In the future, neurophysiology may show that our emotional responses are in fact generated solely by the wiring of the brain, but in the meantime the possibility that part of the affective tone of our experiences is conveyed directly from the object perceived must be kept open.

With regard to the second objection, it is true that the affective tone of a perception is very much dependent on the state of mind of the observer. For instance, a depressed person may not experience as much joy at seeing a bunch of roses as the next person, and the capacity of different forms of music to produce emotions is very much a matter of personal taste.

However, as already stated, emotion is a complex physiological phenomena. Further, different emotions arise through different mechanisms. As neuroscientist Joseph Ledoux says, “each [emotional] system evolved to solve different problems that animals face and each has a separate neural basis”. Thus, the experience of emotion arises through multifarious routes and is very much dependent on the psychological and physiological state of the observer. But just as observers of a tree may see the tree differently but the tree is still there, so too the emotional substratum of a perceived object may still exist underneath the layers accreted by individual differences.

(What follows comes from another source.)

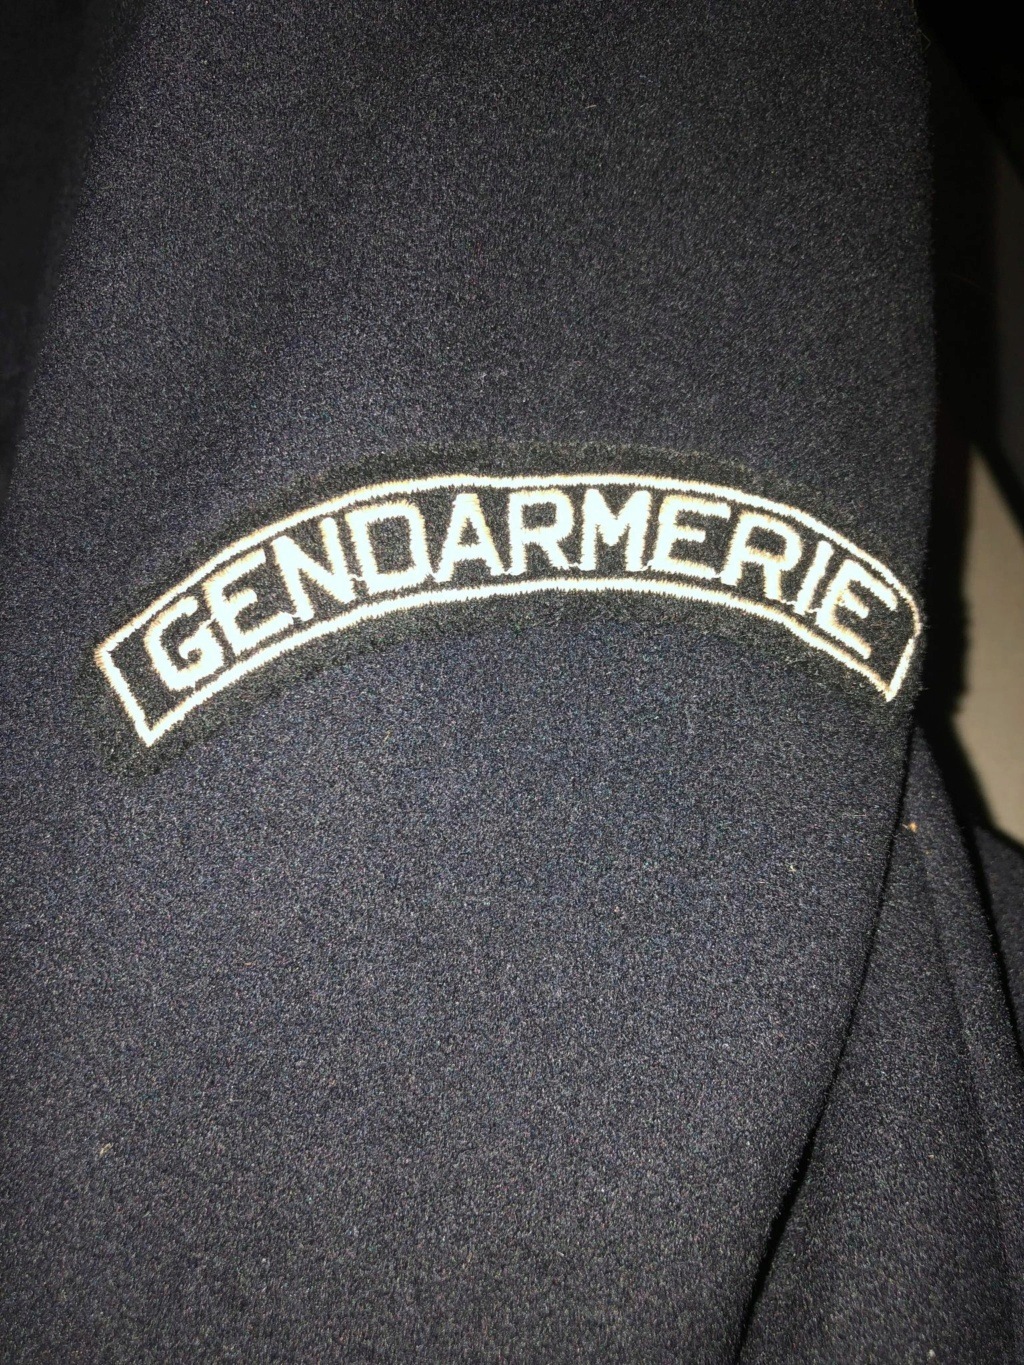 Une curiosité ! Manteau Allemand Gendarmerie Française 30505410

It might also be objected that the affective tone of a perception is dependent on our sensory organs because different aspects of a physical object may have different affective tones. For example, certain flowers may look attractive but have a unpleasant odour. However, physical objects are complicated affairs and what is happening in these instances is the perception of different physical ‘objects’. The affective tone of the odour is associated with certain molecules which arouse the olfactory organs, whereas the objects of sight are wavelengths of light.

Thus, affective tone may indeed be the primary quality of physical objects which enables them to be coherently characterised. Our strongest justification for our conception of matter may be that we feel its feelings.

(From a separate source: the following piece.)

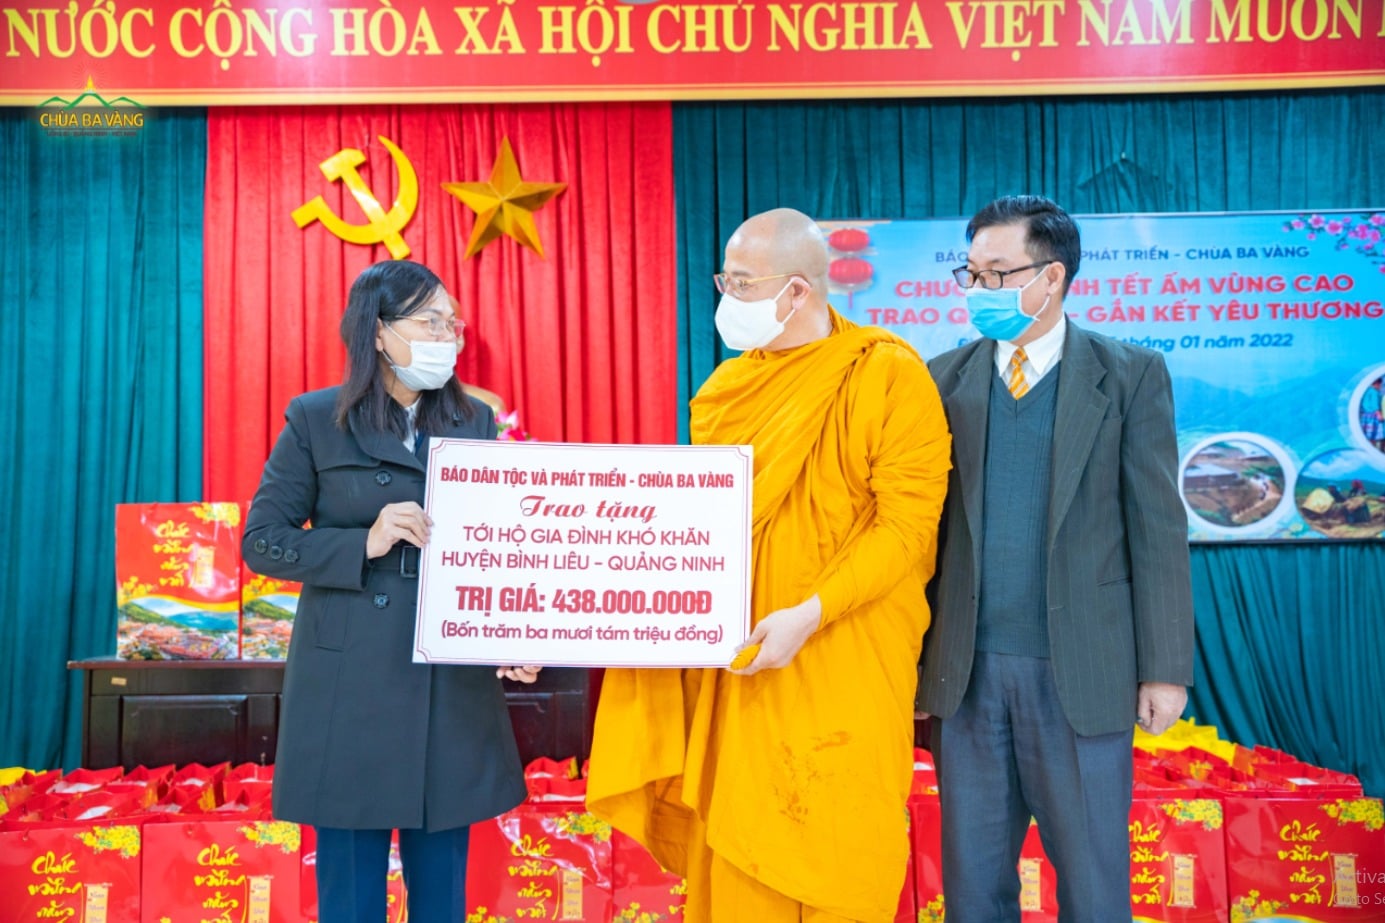 Tổng giá trị phần quà chùa Ba Vàng trao gửi tới bà con nhân dân khó khăn huyện Bình Liêu là 438 triệu đồng

This is something that can be tested and disproved by neurophysiology. Such testing may show that the emotions we experience are totally dependent on the activities of our neurons and not at all on the features of the physical objects perceived. Such evidence would show that emotions are, like secondary qualities, dependent on the physiological state of the observer. This would not mean that physical objects are necessarily devoid of affective tone. A “representationalist” form of affective panxperientialism could still be advanced. But it would mean that the argument for panexperientialism presented here would be void.

Lest it be thought that the subject matter of this post is too much out on a limb, I conclude with a quote from the respected philosopher David Ray Griffin:

“Whitehead’s view is that secondary qualities are produced by the mind out of values, or emotions. Recalling that such things are sometimes spoken of as ‘tertiary’ qualities, we could say that secondary qualities are produced by the mind out of tertiary qualities that are in the body and even nature in general... The qualities called primary in the dualistic and materialistic views are for him simply features of things as viewed from without.” (Unsnarling the World Knot p.141).


Armstrong DM, Perception and the Physical World, 1961, Routledge & Keagan Paul, London.

Birch C, Feelings, 1995, UNSW Press, Sydney.

Carter R, Mapping the Mind, 2000, Phoenix, London.

Griffin DR, Unsnarling the World Knot: Consciousness, Freedom and the Mind-Body problem, 1998, University Of California Press, California.